Четверо пусть разведают лес, но недалеко, на двести шагов. Передай! Каспар отослал гонца обратно, и караван пополз следом.
Тропа, произнес Каспар, когда караван подошел к опушке и соединился с отрядом Петерфинна. Она ведет куда тебе надо? спросил он у восседающего на месте возницы Паласара.
Будем уповать, с фатализмом, к которому окружающие начали привыкать, ответил Паласар. Другой тропы окрест я не вижу, а эта тропа проторена, как для нас.
Цыганка с картами,
Тропа тореная,
Стезя исхожая,
Сырой чертог.
Быть может, черная
Темница княжия
Младого витязя
Наново ждет.
Затянул Петерфинн что-то тоскливое.
Много он знает этих песен? вполголоса спросил Паласар.
О, тысячи! поделился печалью Каспар. У вальхов или, как они себя называют, кельтов он был бардом, музыкантишкой навроде северных скальдов.
Песнопевец? с грустью уточнил Паласар. Каспар почувствовал, что наконец нашелся предмет, дарующий ему с чужеземцем согласие сердец.
И былиносказитель, со всей возможной скорбью присовокупил Каспар. Он читает наизусть Беовульфа, Нибелунгов, Сноррову Эдду и без счета песен про сидов и гаэлов. Только его лучше об этом не спрашивай, потом не заткнешь. Но давно уж старина Петерфинн променял арфу на кольчугу и теперь пробивает сердца не метким словом, а острым мечом.
Выбрал достойное занятие, стал человеком, но не избавился от старых привычек, удрученно закончил Паласар. Хотя я и сам был известен как рассказчик историй, но тут совсем другая материя!
Именно, согласился Каспар, после чего отъехал к герою разговора: Дорога проходима? спросил он у песнопевца и былиносказителя.
На первые двести шагов, доложил со слов разведчиков Петерфинн, и Каспар приказал заходить в лес.
Среди деревьев пришлось принять строй плотнее. Дорога петляла. Чтобы не теряться из виду, отрядам спереди и сзади пришлось подойти вплотную к повозке.
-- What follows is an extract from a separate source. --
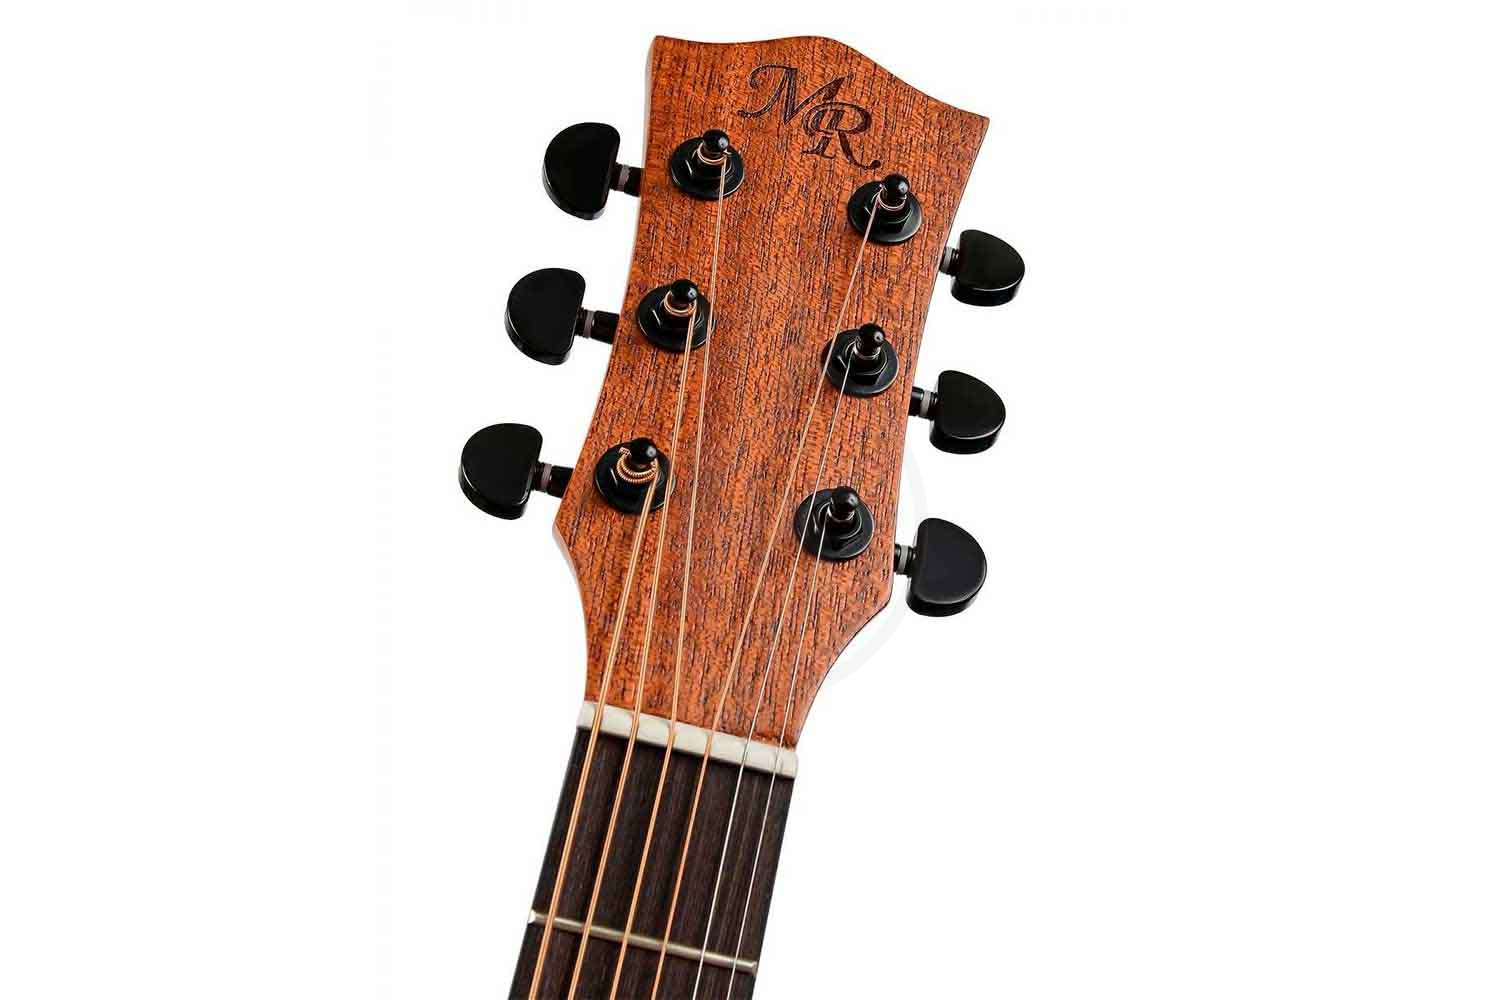 Акустическая гитара Акустические гитары Martin Romas MARTIN ROMAS MR-41F - акустическая гитара MR-41F - фото 3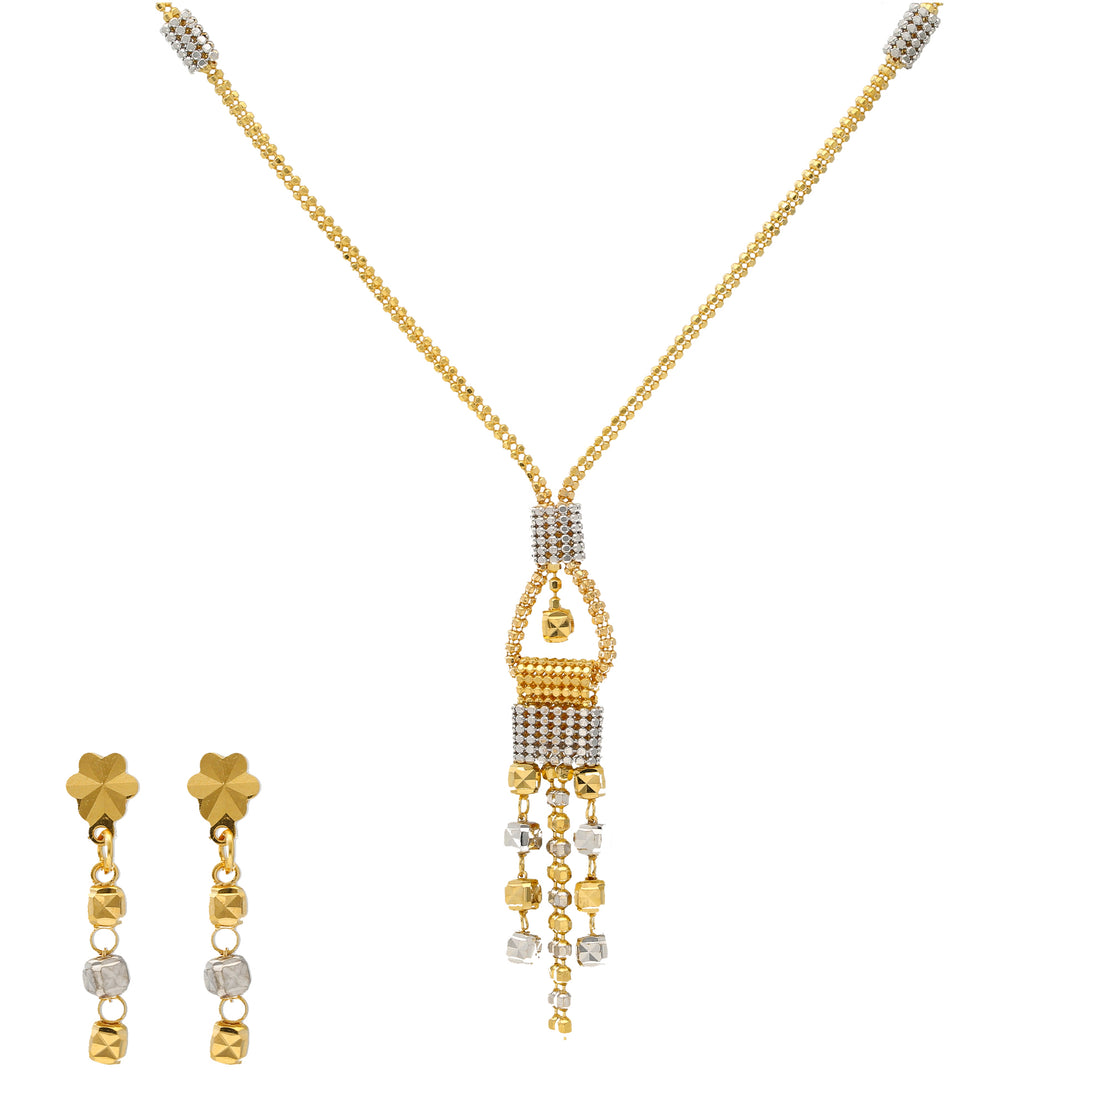 Exclusive Handmade Beaded Necklace Set,Simulant Gemstones,Pendant Size  50x60mm,Extendable Chain,Designer Fashion Jewelry Set,Beads size 10mm

Кроме того, дорога была узкой. Рядом с повозкой мог иди только пеший, конный же рисковал в любой момент наткнуться на ветку и оказаться на земле. Пришлось отрядам вытянуться в колонну. Вначале лес был редок, но они продолжали спускаться с гор, и чем дальше они шли, тем плотнее становился строй деревьев.